This is related to a project I am working on and will post here
soon. I imagine that, with a little more effort, this algorithm could
turn into a short amateur paper.
Suppose you want to use a computer to simulate the roll of two
six-sided dice (notated 2d6). The simplest approach would
be to replicate the results the same way you would roll dice:
independently and randomly generate two numbers between 1 and 6
inclusively. We easily can do this for any number of dice, we just
iterate and roll each die. Like this recursive function,
(defunroll (n sides)
"Roll n dice with given number of sides."
(if (zerop n) ()
(cons (1+ (random sides))
(roll (1- n) sides))))
However, generating a number between 1 and 6 wastes small amounts of
entropy. A six-sided die only takes about 2.58 bits of entropy to
generate. Since we can only use bits discretely we have to spend 3
bits, throwing out 0.42 bits. On top of that, when we pull out 3 bits
and they are out of range (0 or 7) we have to throw them out and try
again.
Let's say we wanted to roll 10 dice, or 100 dice, or 1000 dice? Do we
really need to generate that many numbers individually? That's a lot
of wasted entropy adding up, entropy which can be expensive to
gather. Well, we could instead use the probability distribution of
the roll so that only a single number needs to be generated.
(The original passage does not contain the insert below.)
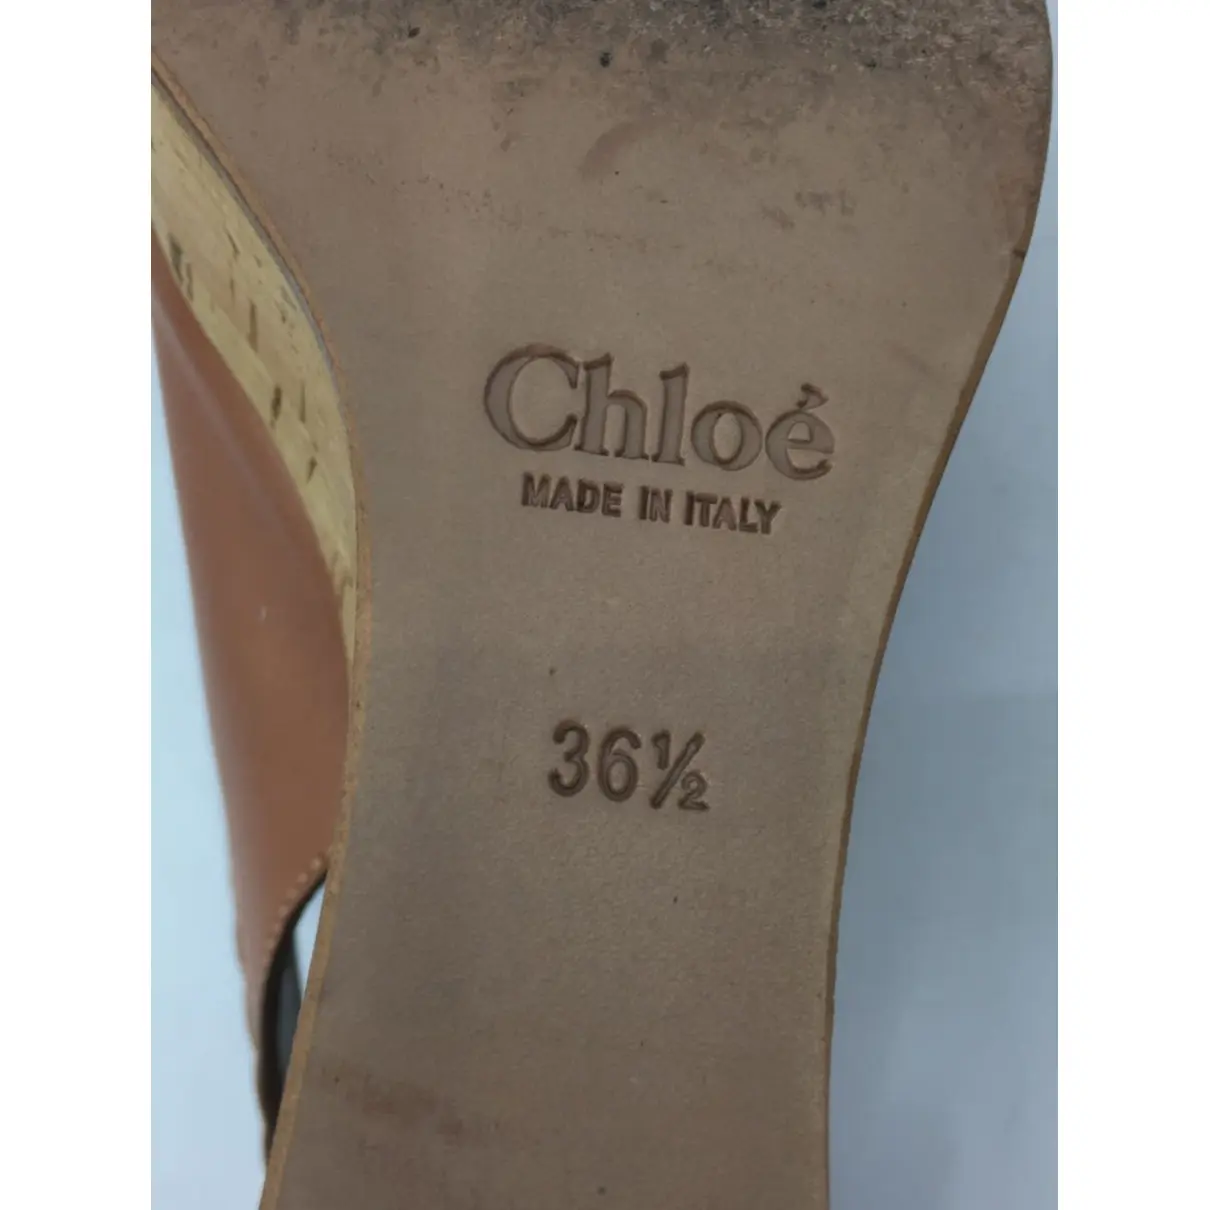 Leather sandal Chloé

For a 2d6 roll, there are 36 unique possible outcomes
(6^2). We could select a number between 0 and 35, then choose that
specific roll. This roll can be calculated with a series of division
and modulus operations (u for a number from a
uniform distribution) (also, note that the division is
integer division),
(defunroll-perm (n s u)
"Get uth permutation of n s-sided dice."
(if (zerop n) ()
(let ((perms (expt s (1- n))))
(cons (1+ (/ u perms))
(roll-perm (1- n) s (mod u perms))))))
If we're only interested in the sum, we could save memory by making
this tail recursive -- or iterative -- and summing the dice as we
calculate them. Ignoring the exponent, this is O(n), not
better than the simple algorithm in terms of growth rate. This
algorithm is more efficient when it comes to entropy, though.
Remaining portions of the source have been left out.